How inference time is related to model size?


I’m training a image classification model on custom dataset. I ran EON tuner for getting different models. That’s when I saw this.

As you can see, both the models are of input size 32X32 and RGB.

The model on the left has only 2 conv layers which shows inferencing time of 58ms.
But the model on the right has 3 conv layers and a dense layer which shows inferencing time of 30ms.

The model with less layers should be faster right? Why is this different? Am I missing something?

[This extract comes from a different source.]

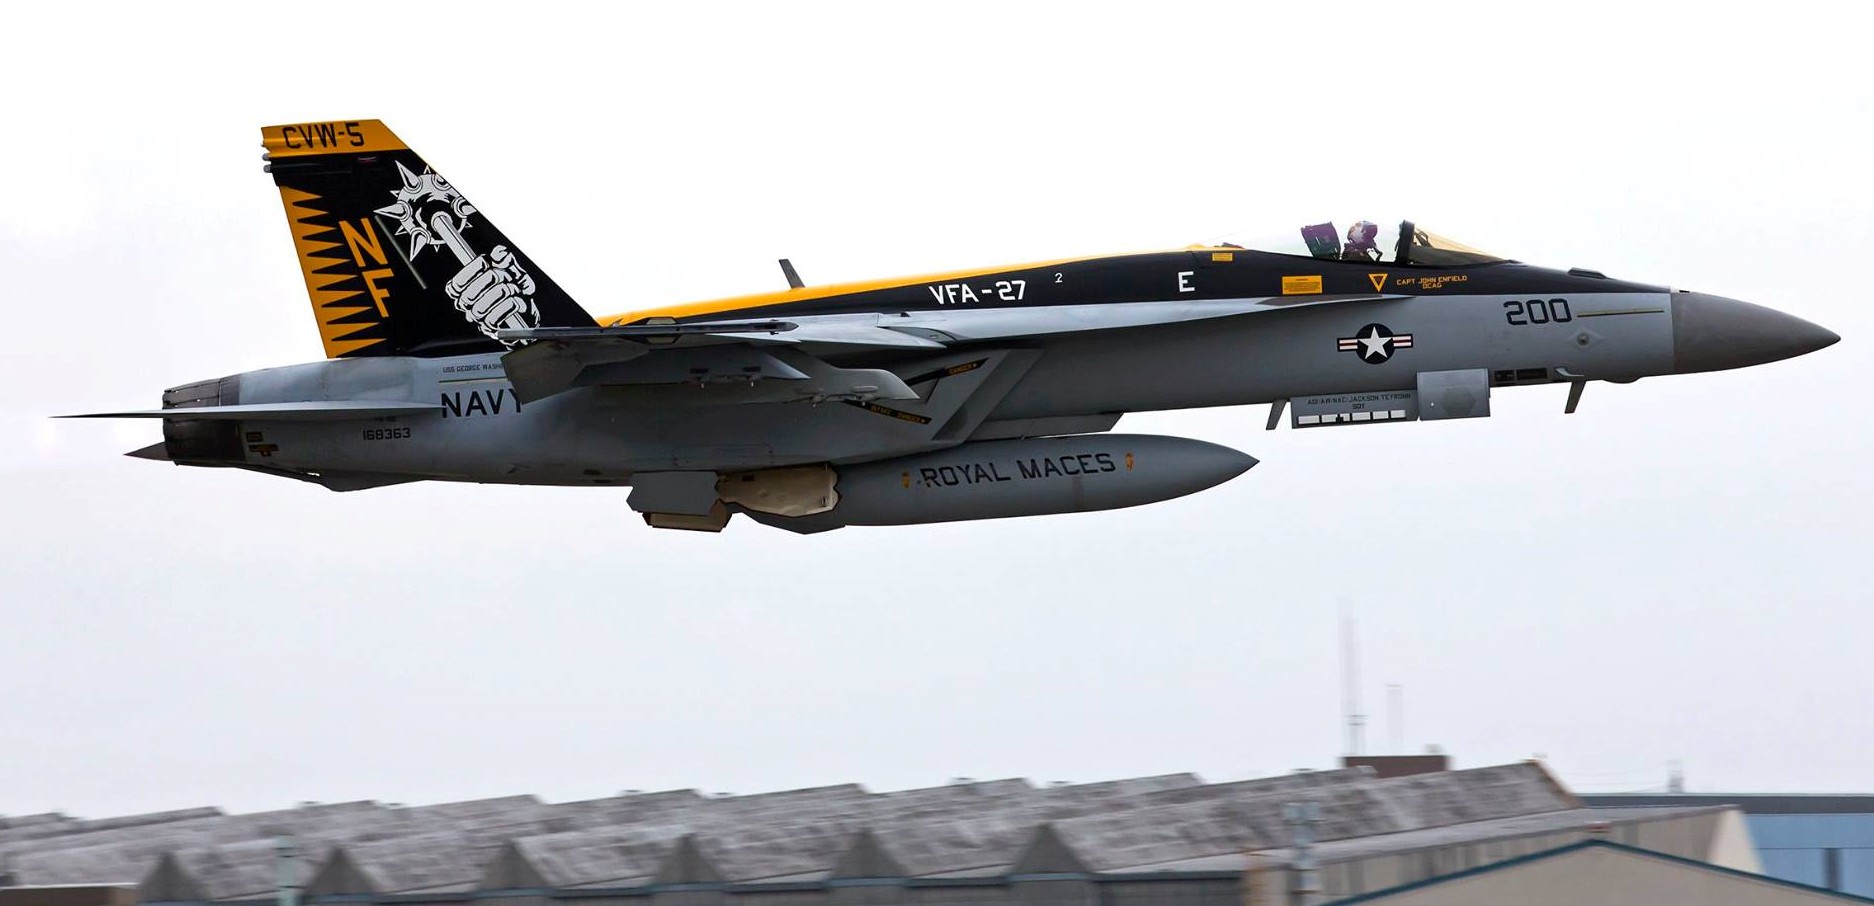 vfa-27 royal maces strike fighter squadron f/a-18e super hornet naf atsugi japan 199p
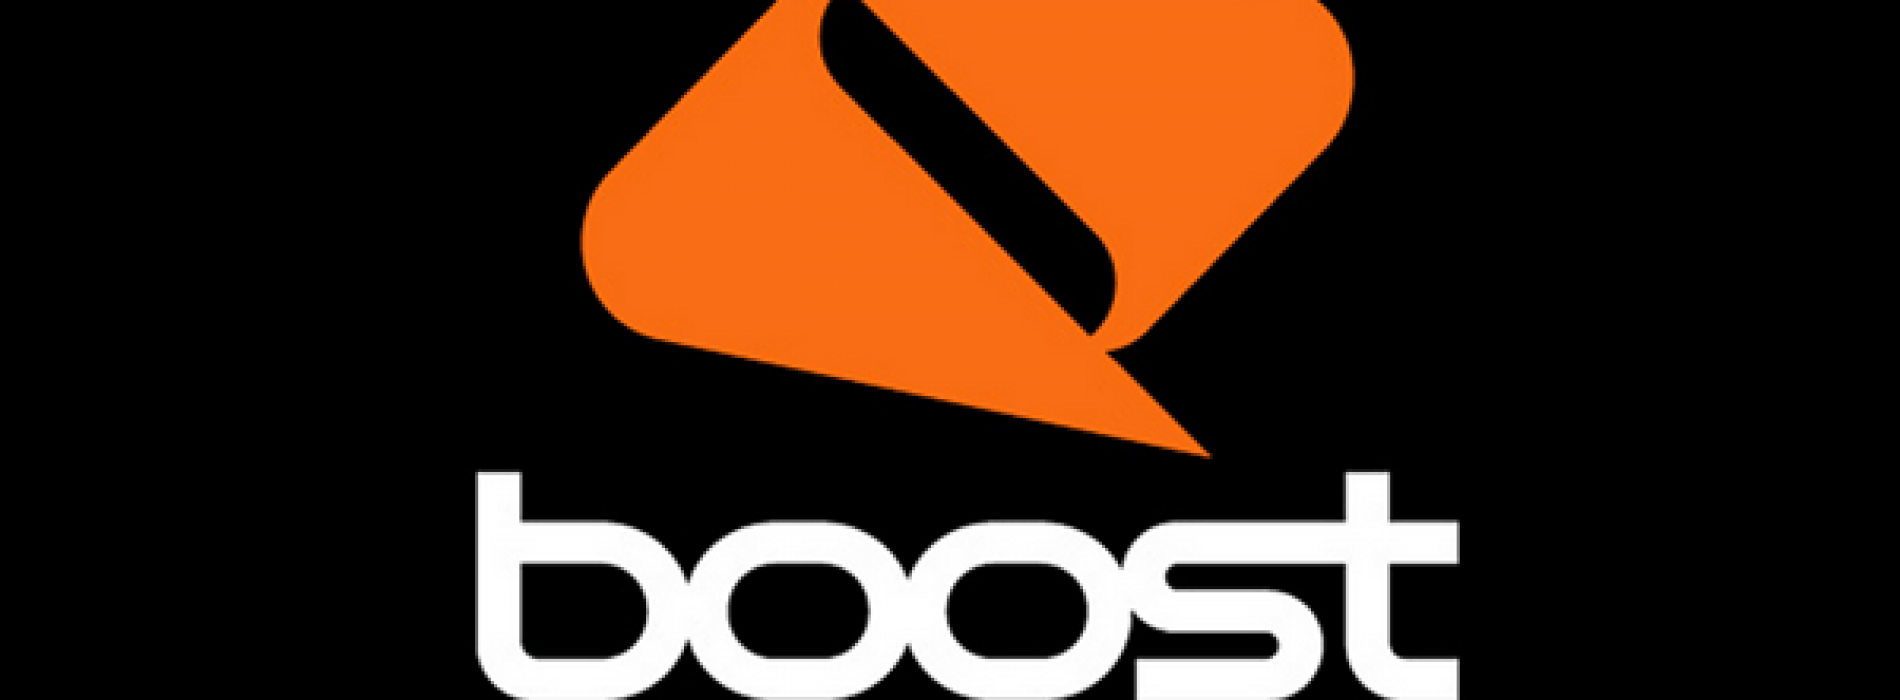 Boost Mobile Logo - Boost mobile Logos

I’m new to ML. So please enlighten my knowledge.

Ramson Jehu K

Hello @Ramson,

Can you tell me which project you are using so I can have a look? Or what’s the device you’ve selected for the latency in the EON Tuner?



Hi Louis,

Here is my public project ID: 74860
I have selected Cortex-M7 216Mhz device.

Ramson Jehu K

Hi @Ramson, here’s the Netron output of these two models:

I guess that because of the extra convolutional layers the fully-connected layer is quicker to be calculated. If I look at the estimated MACCs it’s ~800K for the model with 3 layers, and ~1.6M for the model with two layers. A bit counterintuitive indeed :slight_smile:

@dansitu might have something to add here too.

Hi @janjongboom,

Thanks for the intuition, how did you estimated the MACCs?

Ramson Jehu K

@Ramson I think we’re using something based off of

Note that we’re switching to benchmarking the actual model, but this is not implemented for the Cortex-M7 216MHz target yet so it falls back to MACC calculation.

@janjongboom, thanks for the referring the blog. Do you have any script or something to check MACC calculation for various model or is it just manual calculation?

What do you mean by benchmarking the actual model? how would it differ from MACC calculation?

Hi @Ramson! Regarding compute time—as @janjongboom says, it’s not just the number of layers, it’s what’s going on inside them that makes a difference. The two-layer network ends up doing more work than the three layer one. The number of filters in the first layer is higher in the two-layer network, and these extra dimensions propagate on through the model, creating more inputs to be convolved through.

In terms of benchmarking—MACCs give us a theoretical measure of compute, but the time taken to perform different operations can vary between targets and optimizations. For example, on Arm devices there are vector extensions available that will speed up the Conv2D op—but only for certain filter and input sizes. One model may have fewer MACCs than another, but if it has differing support in optimizations on a certain target it may end up running slower.

This is why EON Tuner is so cool—it can automatically take all of this into account when designing a model!

1 Like

Hi @dansitu,
Thanks for you explanation, now I understand it clearly.
And yes EON Tuner is really cool. I could experiment with different model architectures.
Waiting for EON tuner support for object detection problem as well.

Thanks and Regards,
Ramson Jehu K

Object detection support should be coming soon :slight_smile:

1 Like